The Heat: A Kitchen (R)evolution (2018)
Like many (most) industries, the restaurant world is no stranger to sexism, and is still largely a space dominated by men. But instead of solely focusing on the disparities in professional cooking, The Heat aims to shine light on the women paving their own road and excelling at what they do. By focusing on an eclectic array of seven international chefs from Canada to France, this documentary focuses on the culture and power structures at play behind-the-scenes at the world’s top restaurants, while honoring the artistry these cooks bring to their craft regardless of how much recognition they receive.
Jeremiah Tower: The Last Magnificent (2016)
Jeremiah Tower could be considered one of the mainstream greats if not for his impulsivity and penchant for controversy and self-destruction. Among the people of the minted food world, most of whom are interviewed for this documentary, Tower's name lives on as one of the first American celebrity chefs and an important culinary luminary of the past half century. The chef's namesake film explores his reinvention following a two-decade departure from the public eye through the context of his freewheeling life.
Jiro Dreams of Sushi (2011)
Jiro Ono, the 85-year-old sushi master at Sukiyabashi Jiro, a three-star Michelin restaurant, has given all his adult life to the pursuit of perfecting his craft. The film documents his sacrifices, the toll his ambition has taken on his personal life, and what it means to give your entire self over to your obsession. Despite its notoriety, we'd be remiss not to mention Jiro as one of the premier food documentaries available.
Sour Grapes (2016)
The stuffy world of rare wine auctions was turned on its head when it came out that Rudy Kurniawan, a 20-something collector, had been mixing less expensive wines to recreate the flavor profiles of coveted wines from specific, high-valued years and regions, swindling buyers out of millions of dollars.

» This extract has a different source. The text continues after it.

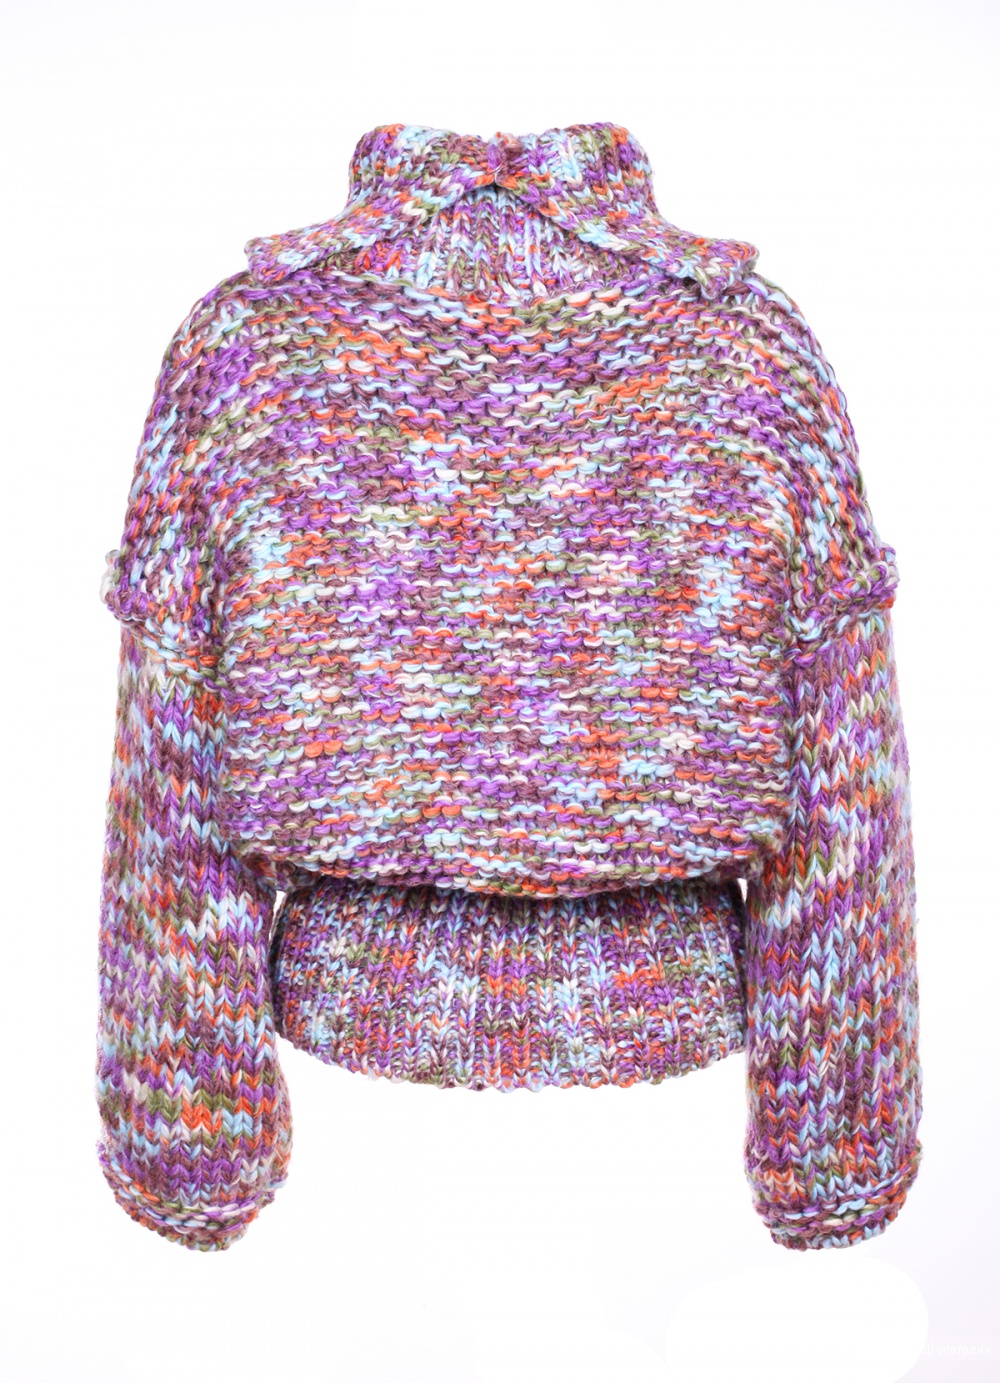 Шерстяной свитер Have Riсe, размер free size
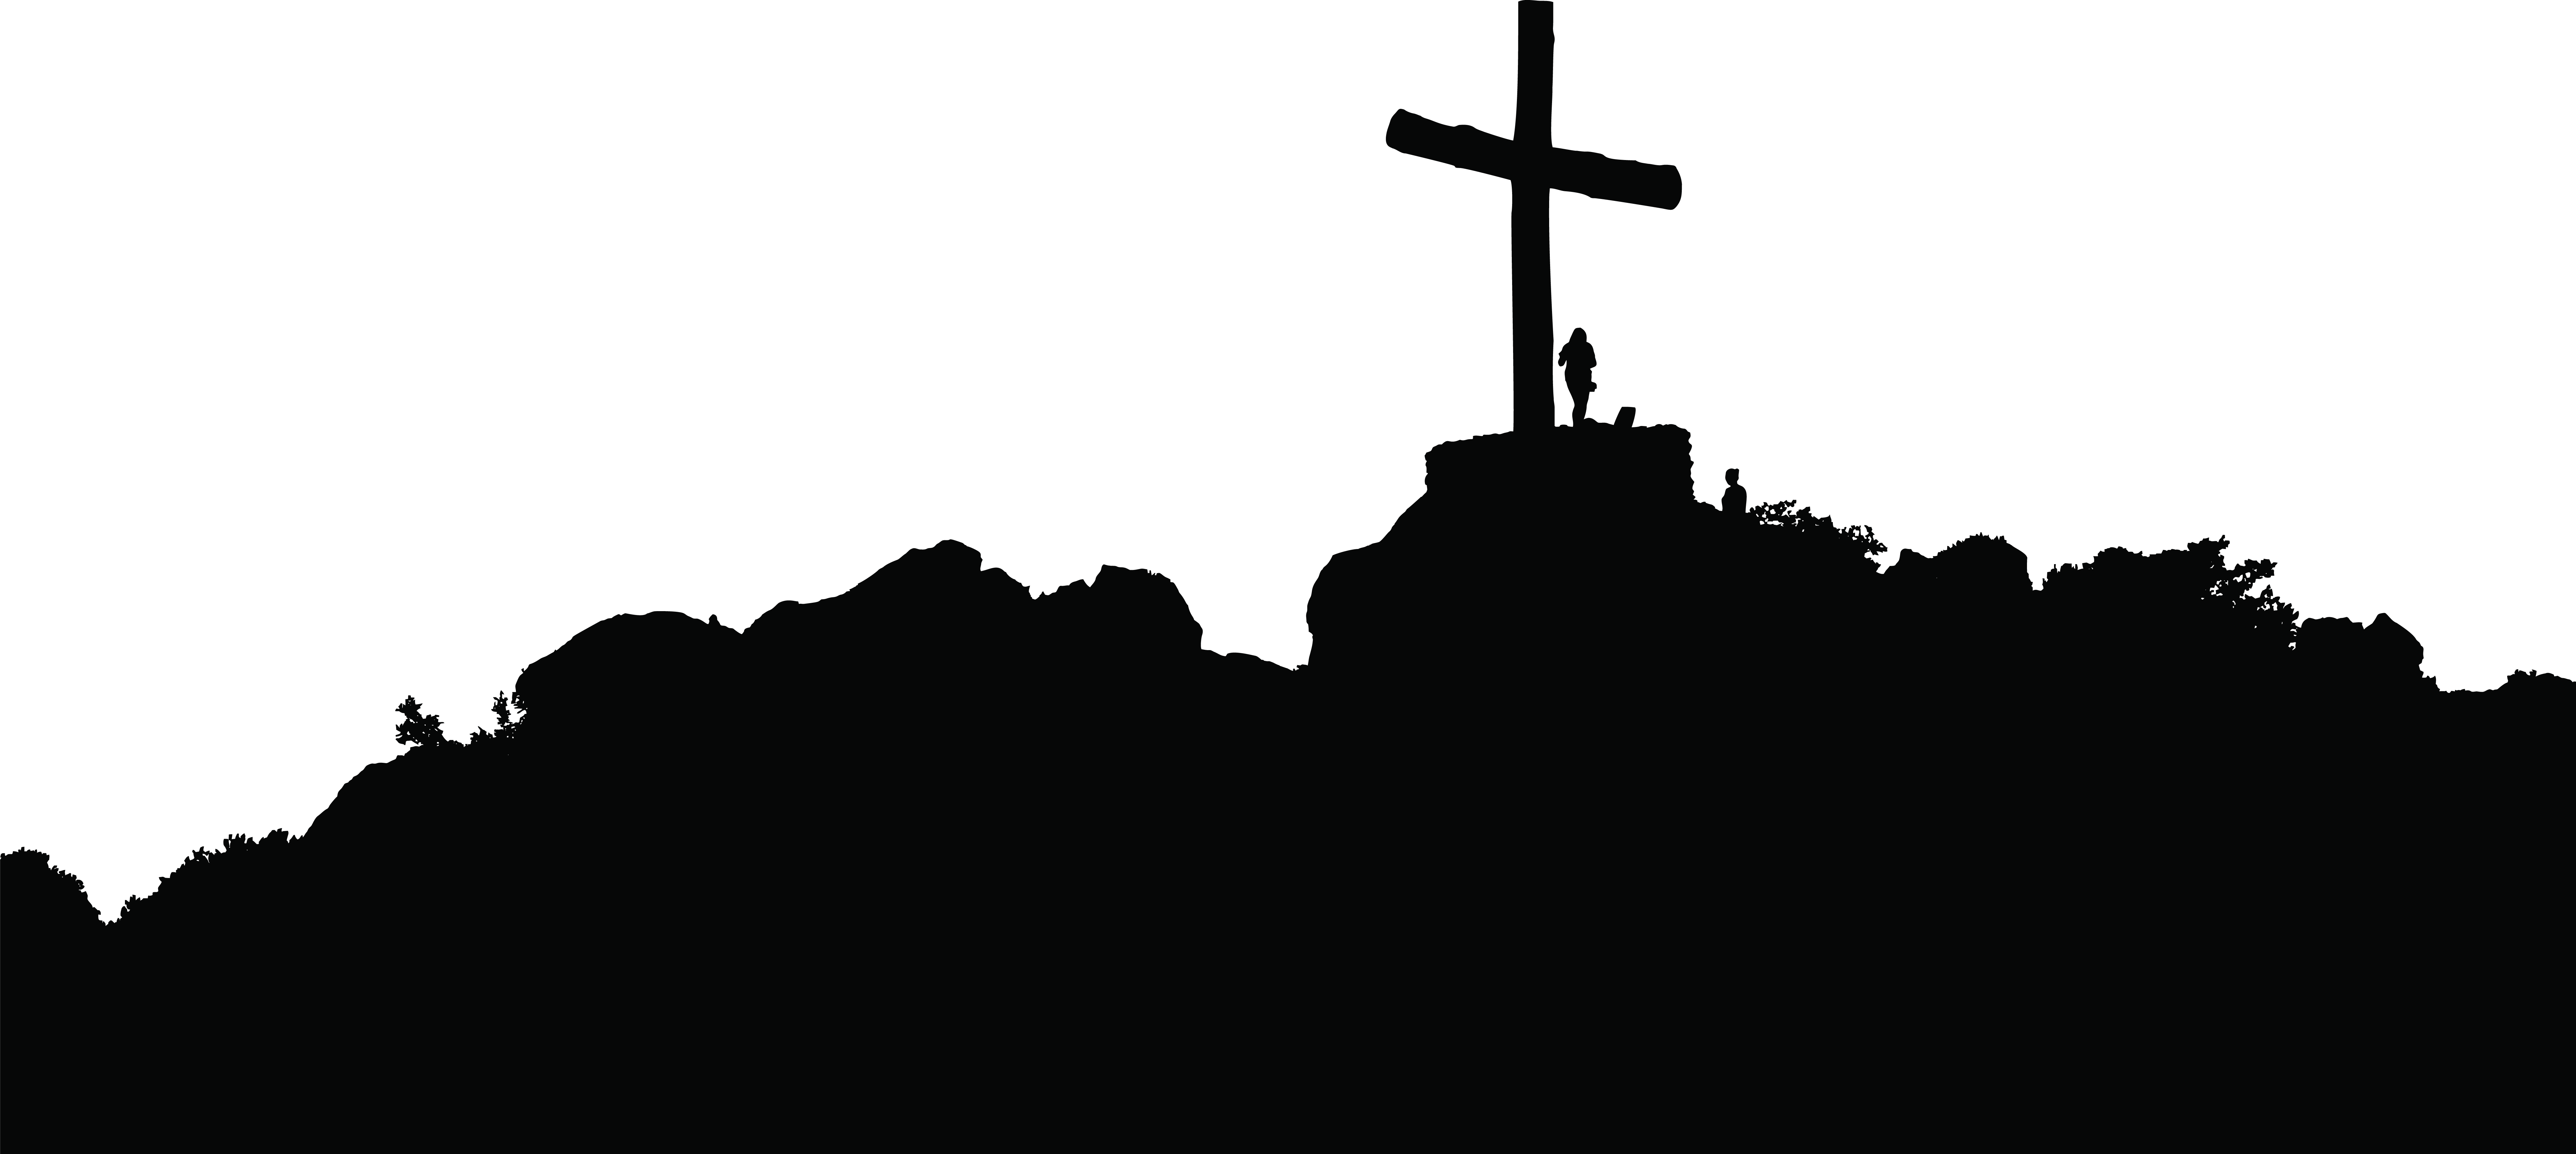 Silhouette christian cross.

His sophisticated operation led him to become the first-ever person to be convicted for wine fraud. In a familiar true-crime reconstruction, Sour Grapes leads viewers through the story of how Kurniawan pulled off such a scam and the disgrace that befell the wine world in the fallout of his conviction.
Whether you want to admit it or not, America's food system is the definition of unsustainable. We filch nutrients from the earth; raise animals for slaughter in packed, disease-ridden environments; and we throw away, or otherwise waste, plenty of perfectly good food while millions go hungry. High-profile chefs like Dan Barber and Rick Bayless, and writers like Mark Bittman, weigh in on the local food movement, which is on the frontlines doing battle with these unsustainable practices. It's not the most revelatory documentary, but it will make you stop to think the next time you want a quick-and-easy processed meal.
Theater of Life (2016)
Italian chef Mossimo Bottura runs a World's Best kitchen at Osteria Francescana, but Theater of Life captures some of his loftier ambitions: ending food waste. Through the lens of Refettorio Ambrosiano, the soup kitchen Bottura opened in Milan, we see the vast scope of food waste throughout the world, and learn how scraps can be used well past the point where most of us would typically throw them away to make world-class dishes.
42 Grams (2017)
42 Grams is a profile of chef Jake Bickelhaupt, and a portrait of the effects extreme ambition. The film follows Bickelhaupt's rise from running an underground establishment out of his home kitchen to opening and owning the acclaimed, Michelin-starred Chicago restaurant 42 Grams, largely focusing on his personal journey with his wife along the way. While this is certainly a film about one chef's career and hustle in the restaurant industry, underneath it all is a story about the devastating effects egomania can create.